My husband and I recently attended WWME. This program was wonderful for some of the couples there BUT it did not suit the needs of my husband and me. I wish that I would have had a better understanding of what the weekend entailed before going. My intent is not to criticize the program, some of the couples there were really fulfilled with the process. It just was NOT for us so I thought I would post what this program primarily consists of so couples considering WWME are better informed… I wanted to post on their actual website but there was no link to do this so I decided to post on CAF.
The gut of this program is the process of “dialoguing.” Couples listen to written dialogue of a married couple (3 couples presented and ran the weekend) and a written presentation from a priest regarding an issue (e.g. intimacy.) The attending couples then separate for a determined period of time to write letters to each other about this issue with the focus being on their “feelings.” Each couple then reunites in the privacy of their room where they are to read each other’s letters twice (once for the head, the 2nd time for the heart.) Then as a couple they choose whose feelings were stronger in the letters and discuss this.

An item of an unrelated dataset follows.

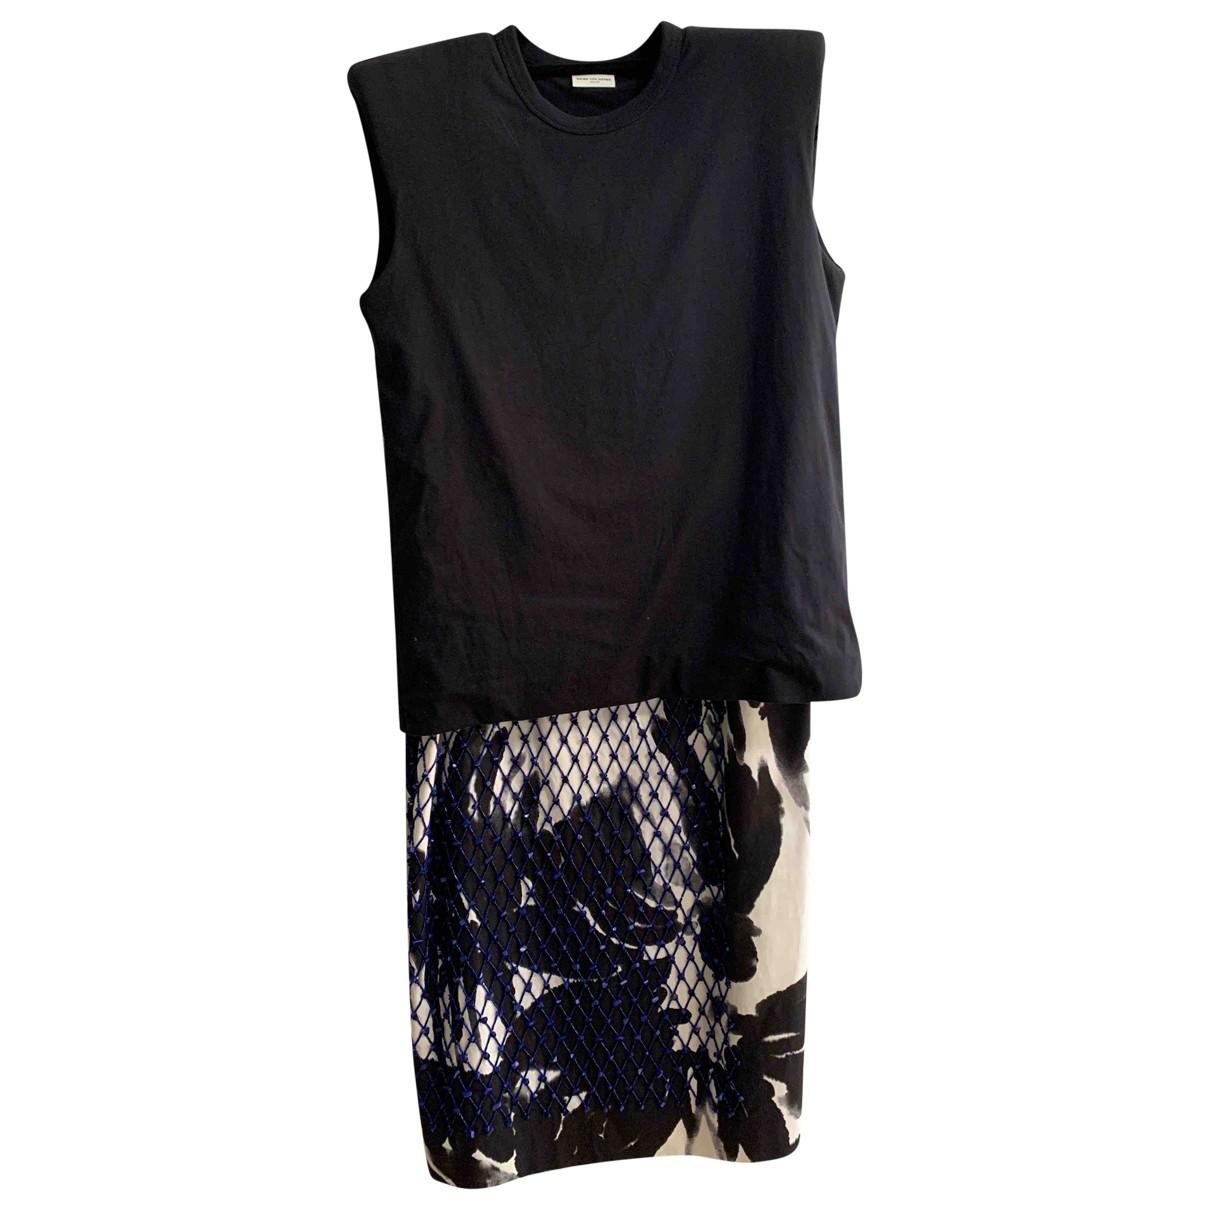 Dries Van Noten \N Black Cotton dress for Women S International

This process (dialoguing) was **repeated **throughout the entire weekend. Time limits were strict. Phone calls were given to each hotel room when couples were to return to the conference room and if you did not return, you were called a 2nd time. (Couple’s photos were on a table. as you entered the conference room you turned your picture over so they knew you were there.)
The entire weekend centered on this dialoguing process. We had hoped for a variety of different exercises between spouses. That would have been nice in case dialoguing wasn’t effective for you. We had also hoped for more scripture and church teaching on the sacrament of marriage (although there was some and prayer was included in the weekend.) It was nice to write each other a letter and talk about it, once or maybe twice. However, over and over again was not something either of us found effective or enjoyable.
There was VERY limited alone time for couples throughout the weekend. This was very disappointing for us. The days started at 7:30am and finished up between 9:30-10:00pm, all sessions revolved around writing and dialoguing. There were no other options. We did not have time to take a walk together or see anything outside of the hotel. That was frustrating for us.
Meals… You had assigned seating and sat with different couples every meal. There were questions at the table that the couples discussed during the meal. This actually was ok. It was a nice way to meet the other couples there. However, it would have been really nice to have one meal alone, just with your spouse, preferably Saturday’s evening meal.
That’s the just of it, hope this helps couples to decide if WWME is something that would benefit their marriage.